Listed Building – Grade II
- Official name: Birley Old Hall
- Designated: 1 May 1952
- Reference no.: 1254591

= Birley Old Hall =

Country house in South Yorkshire, England

Birley Old Hall is a small English country house in the Birley Edge area of the City of Sheffield, England. The hall stands in an exposed situation at almost 200 m above sea level on Edge Lane, some 6 km north-west of the city centre. It has been designated a Grade II listed building by Historic England, as has The Falconry, a pavilion in the garden.

==History==
The hall was constructed in two phases. The easterly-facing wing was constructed in the Late Middle Ages, when it was known as "Byrlay Edge". It was built with an oak cruck frame with an exterior of squared stone.
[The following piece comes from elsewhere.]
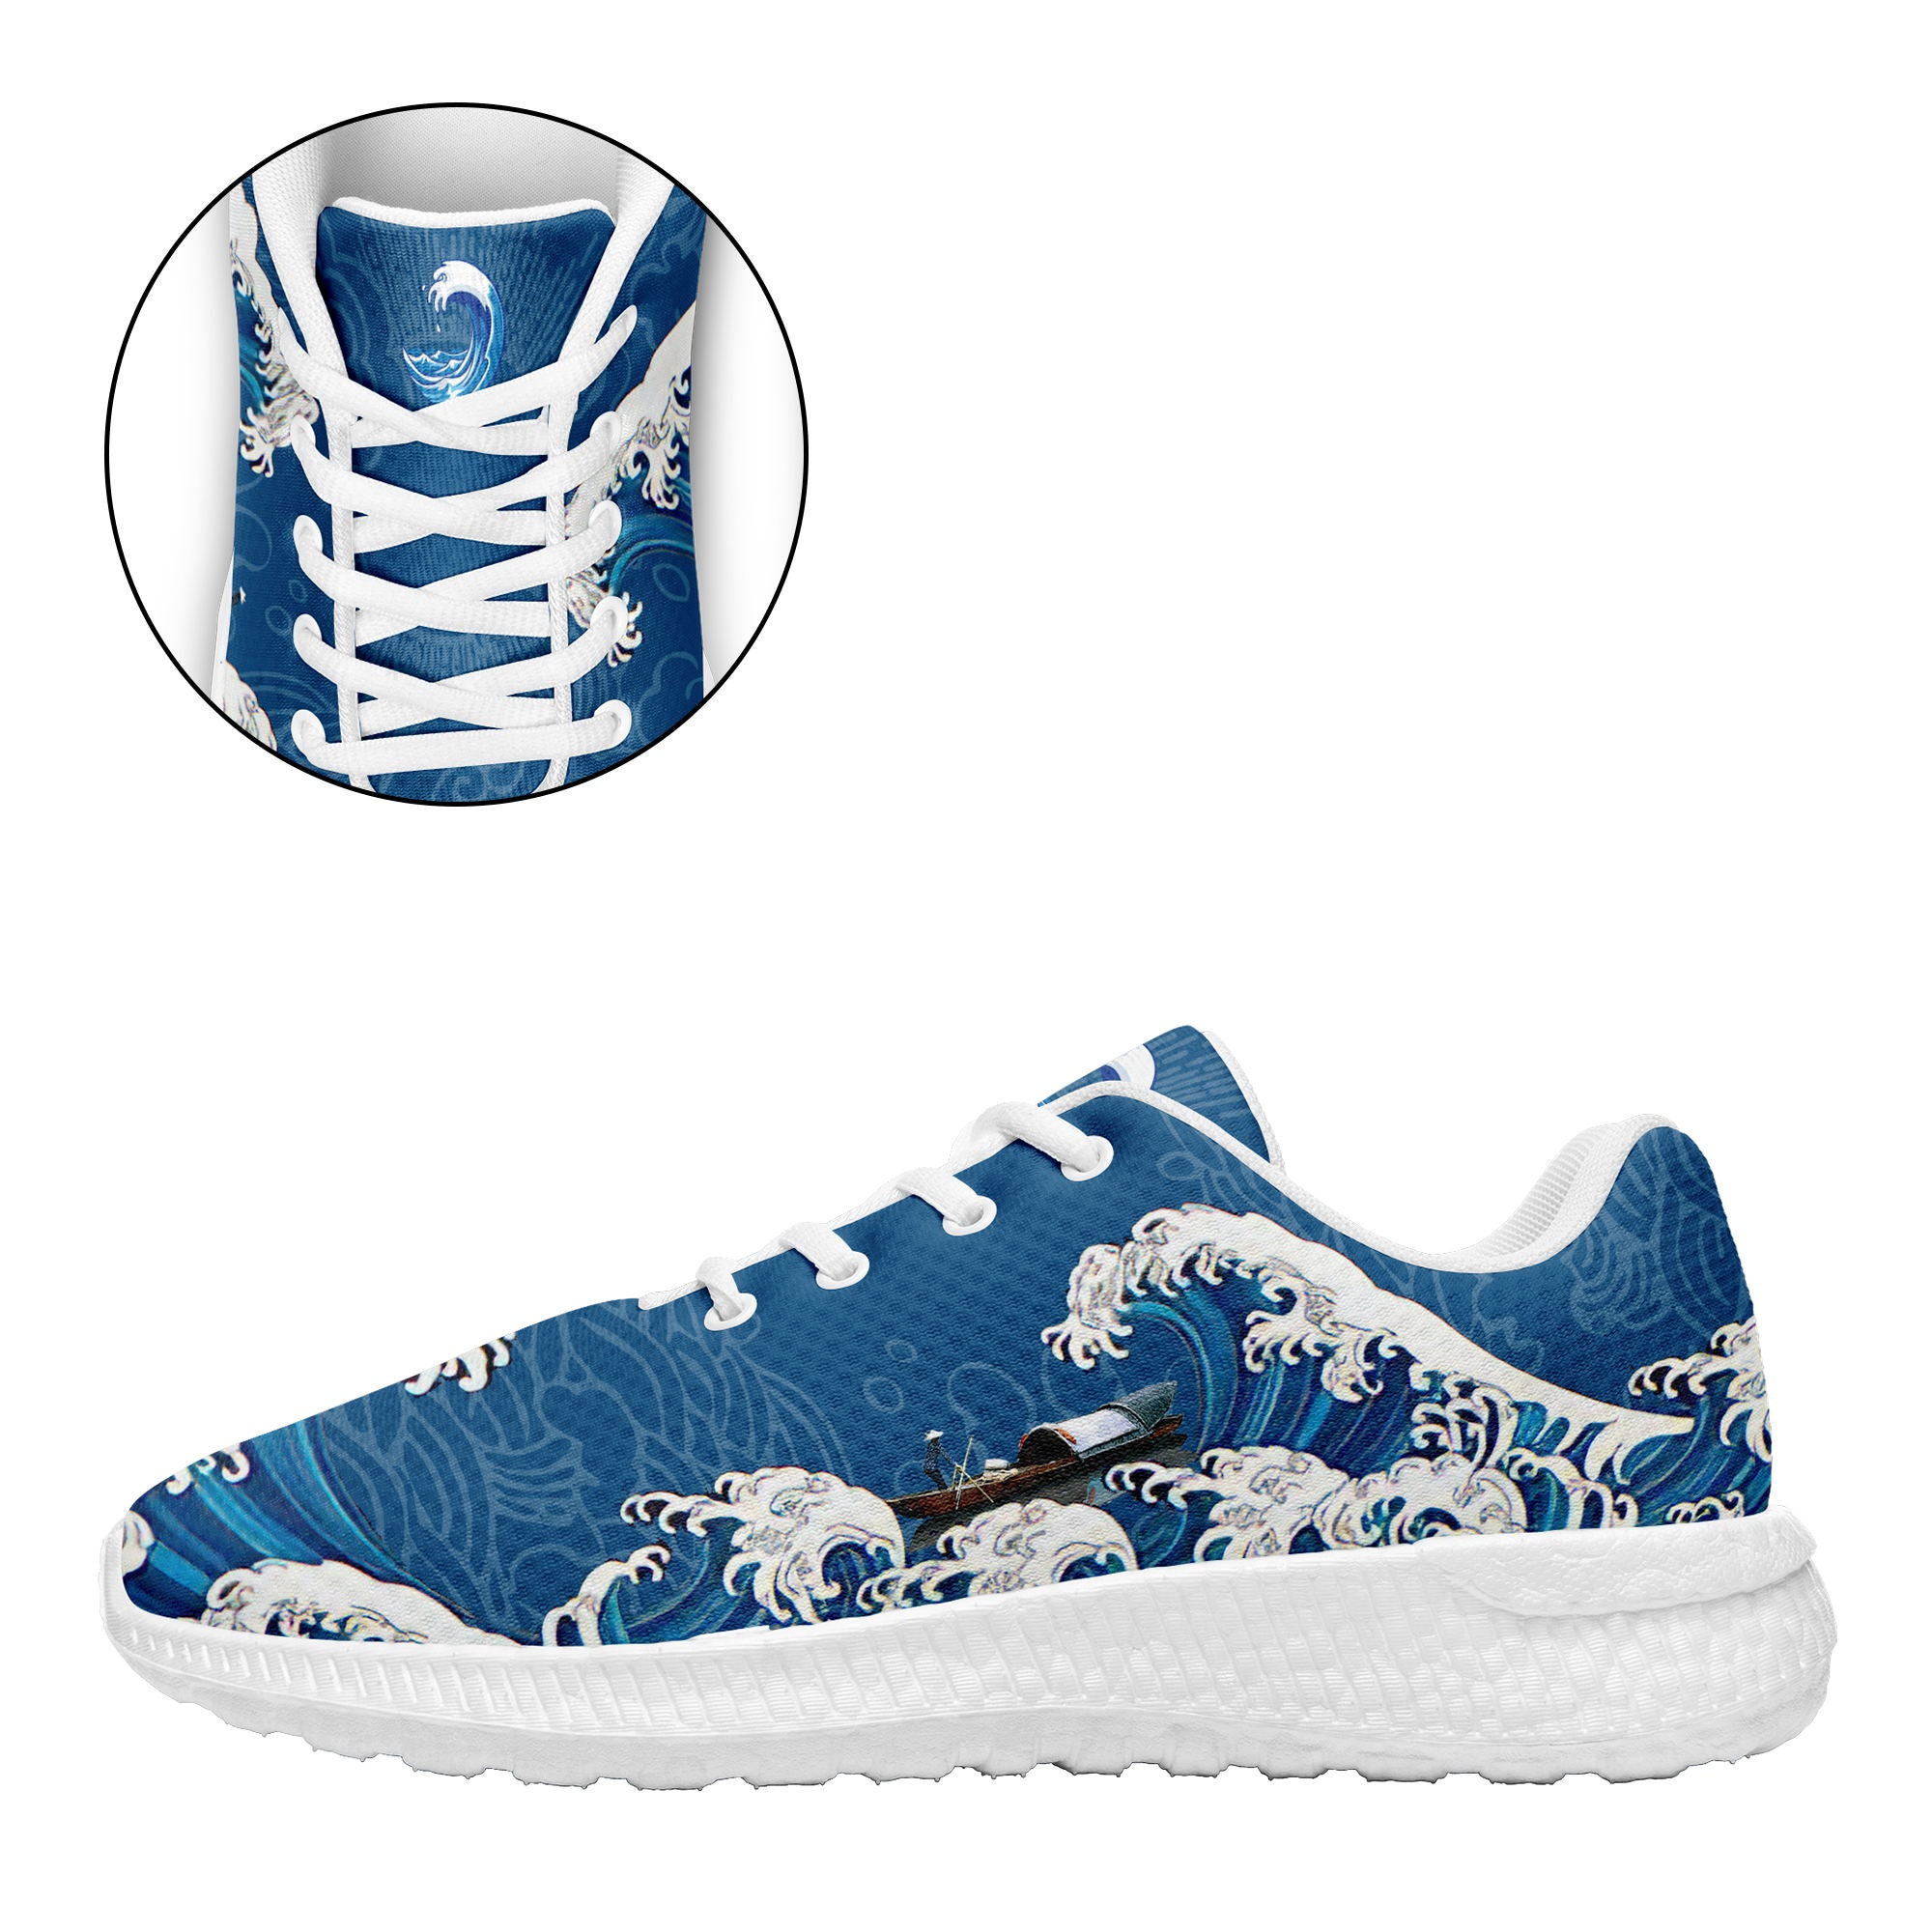 柔性定制个性化打印设计跑鞋时尚中国莆田妈祖特色主题运动鞋蓝色BLD2-7

Part of the cruck frame can be seen on the Edge Lane side of the original wing. In 1705, J. Carr added a new and more impressive south-facing wing at right angles to the original. The 1705 extension has been described as having "restrained elegance" and included the construction of a gazebo in the garden, called the Falconry. The hall underwent some alterations and additions during the late 18th and mid-19th centuries, including a two-storey addition to the original wing.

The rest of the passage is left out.